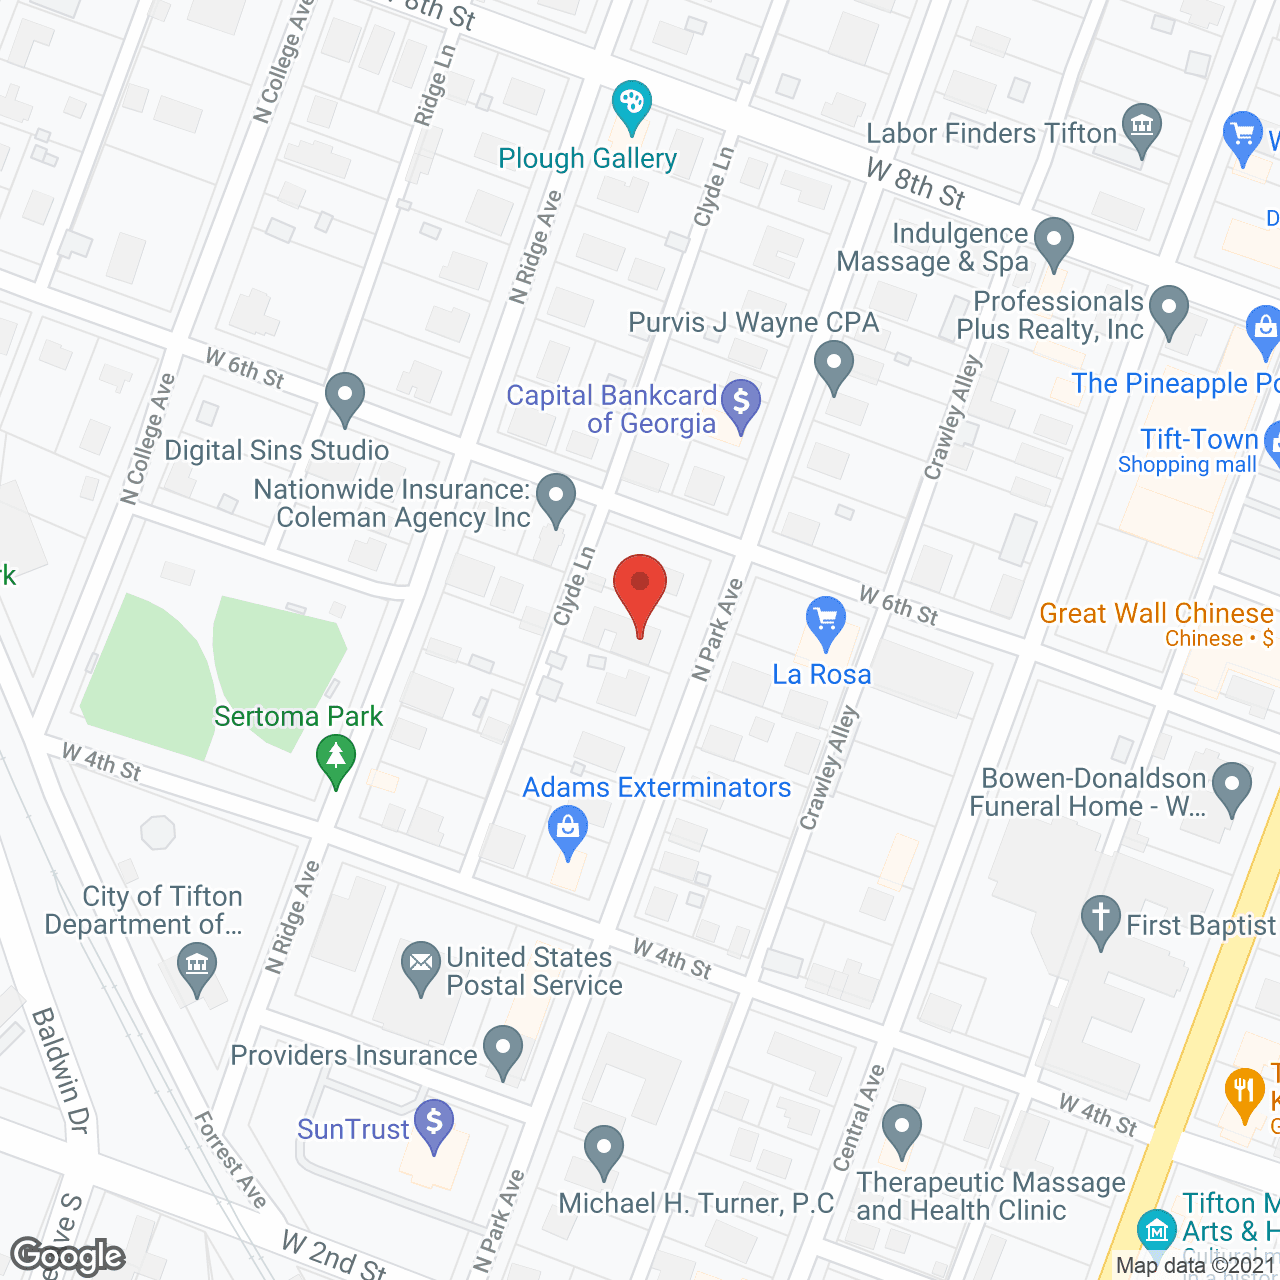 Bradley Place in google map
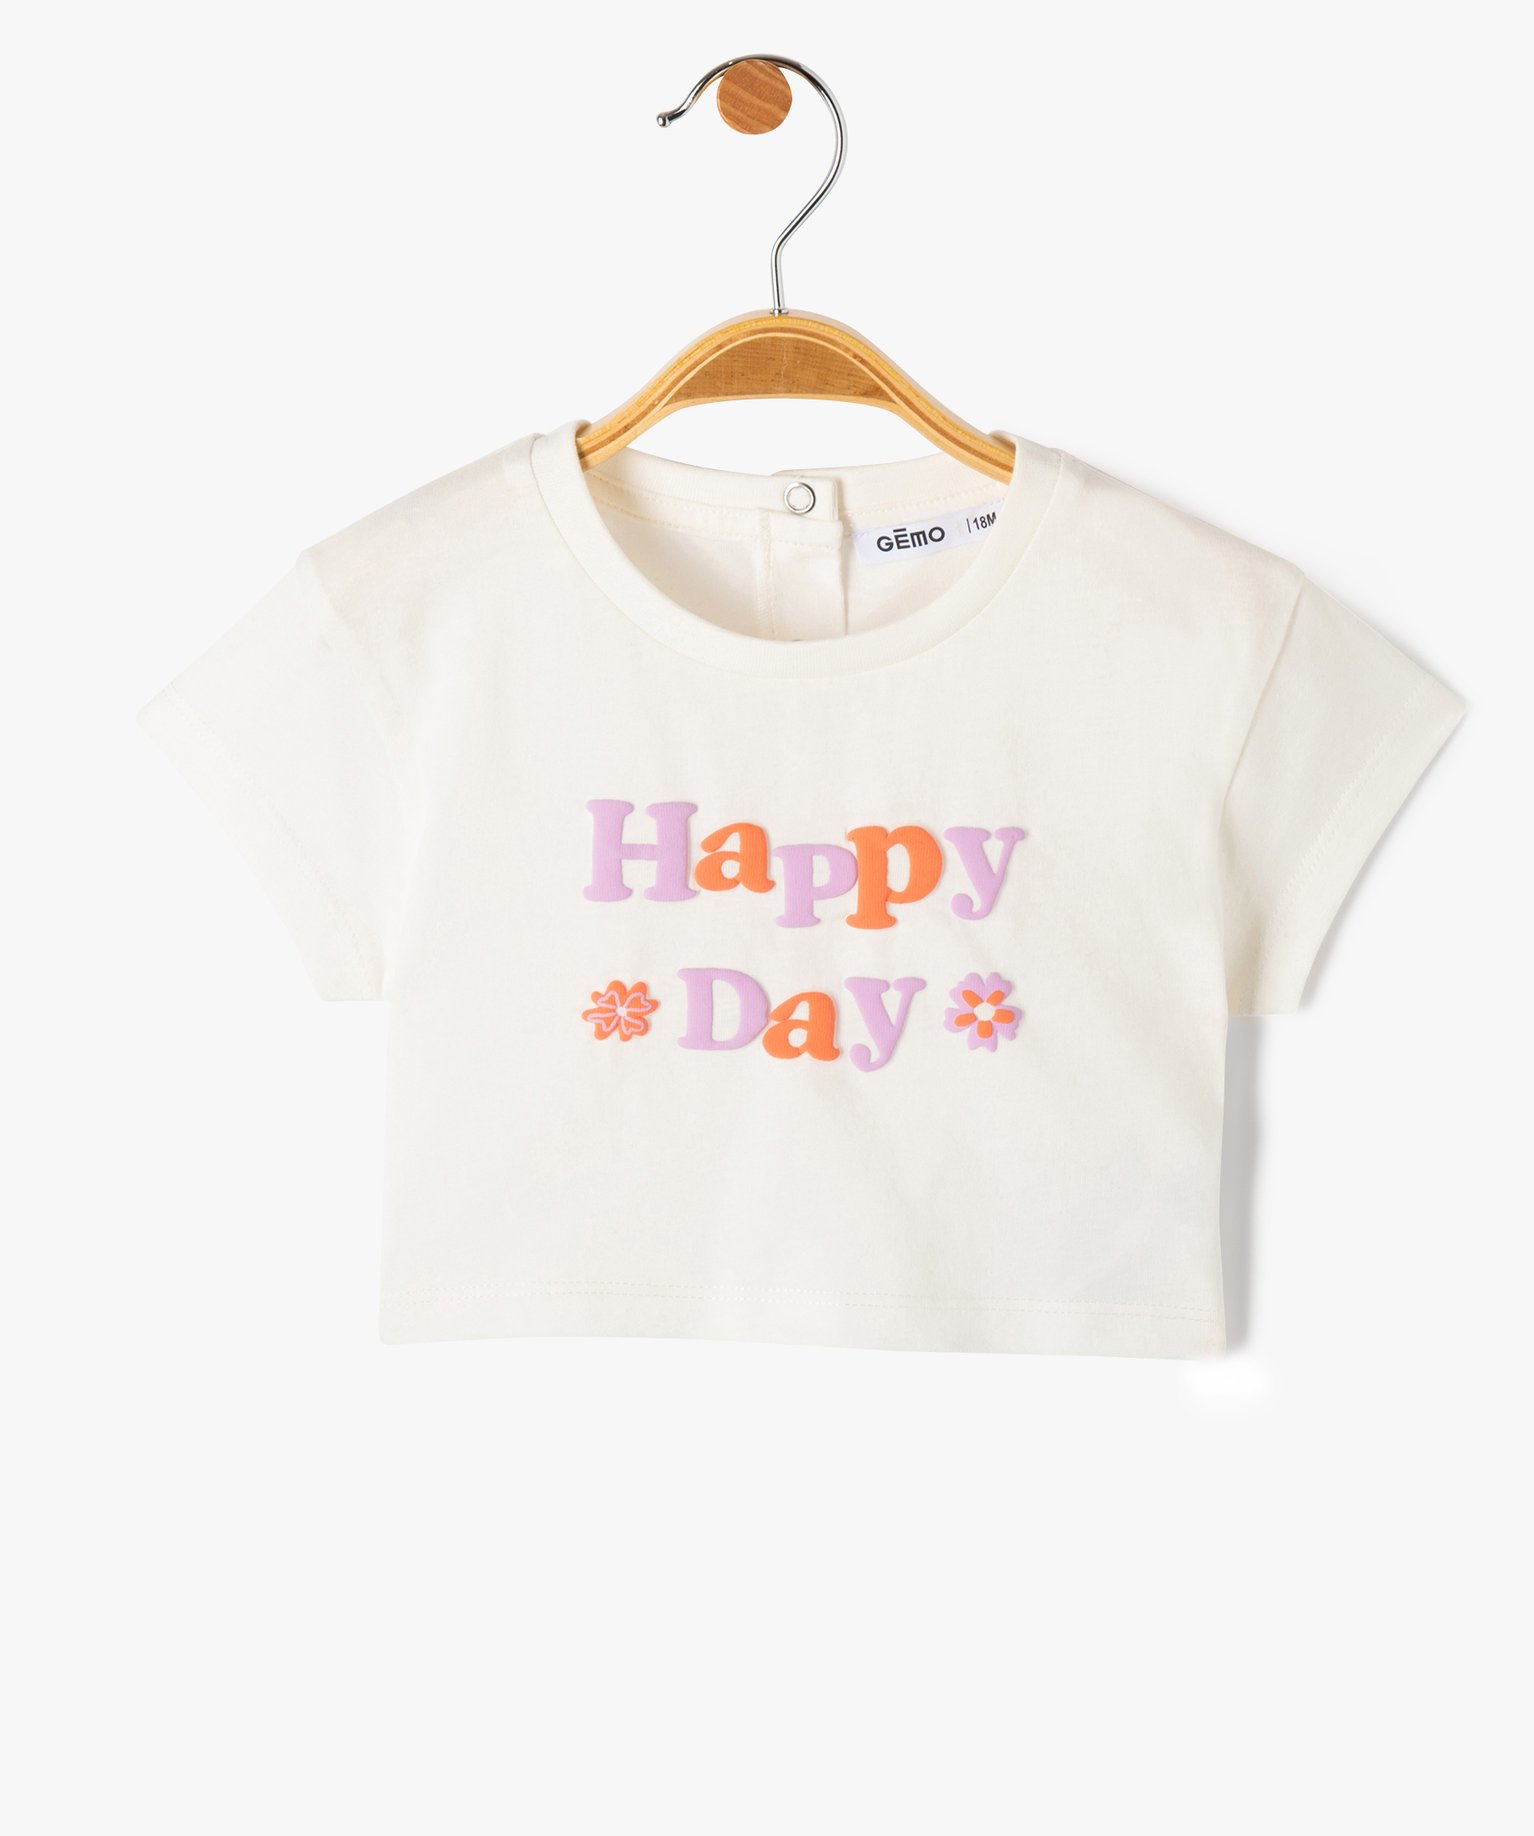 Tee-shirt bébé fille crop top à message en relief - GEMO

---

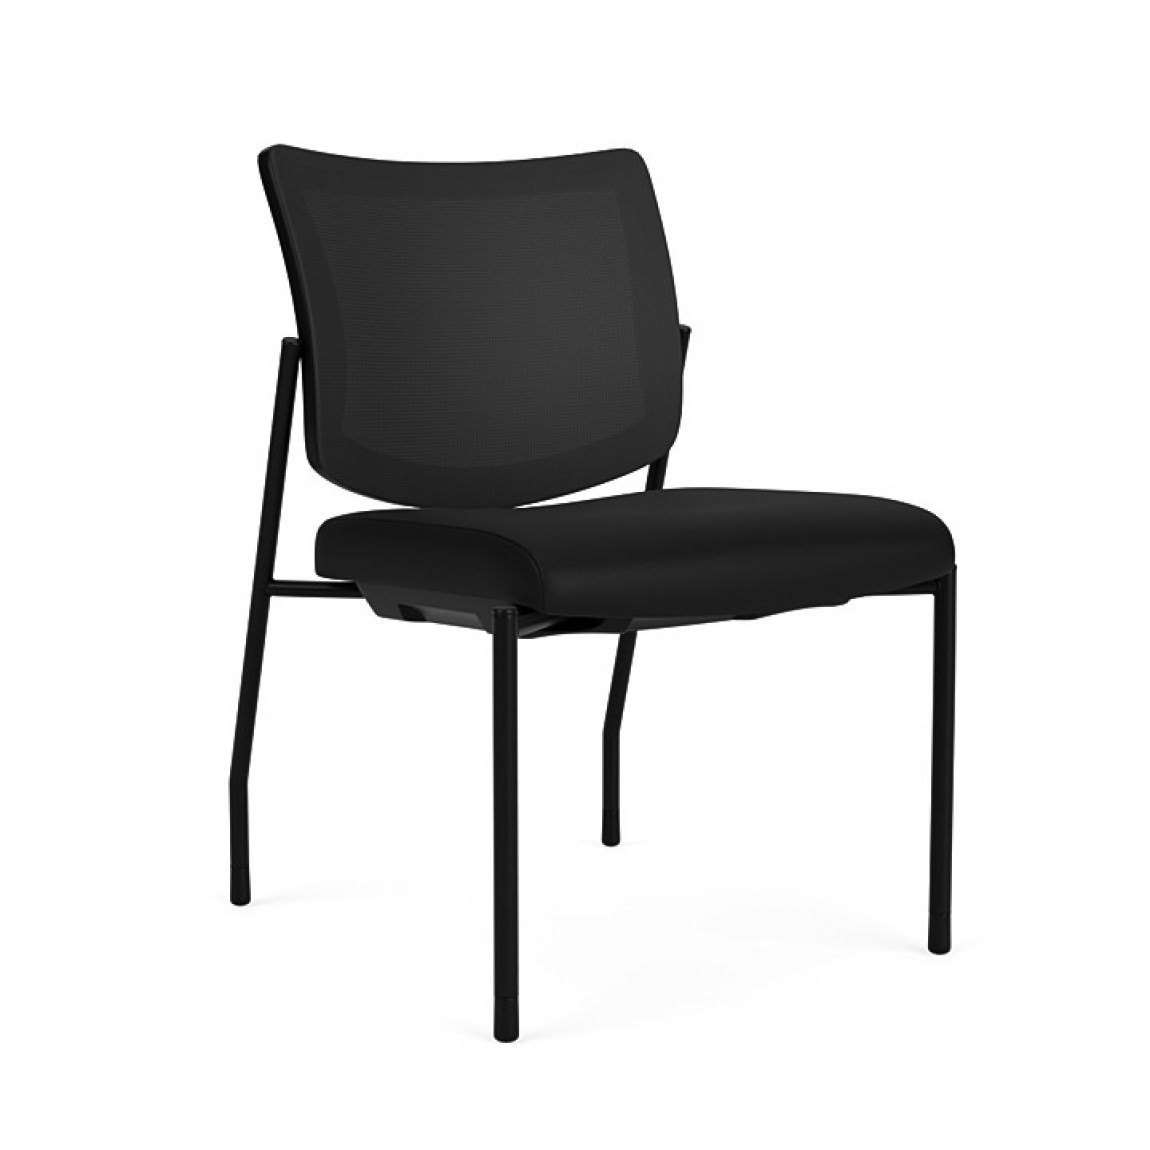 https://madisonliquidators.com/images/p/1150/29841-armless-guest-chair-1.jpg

# AIM OF THE TASK
Leaving each picture behind, please give again exactly the lines above from the one with "Bradley Place in google map" through the one with "Tee-shirt bébé fille", both included, and no others.

# SOLUTION
 Bradley Place in google map
 Tee-shirt bébé fille crop top à message en relief - GEMO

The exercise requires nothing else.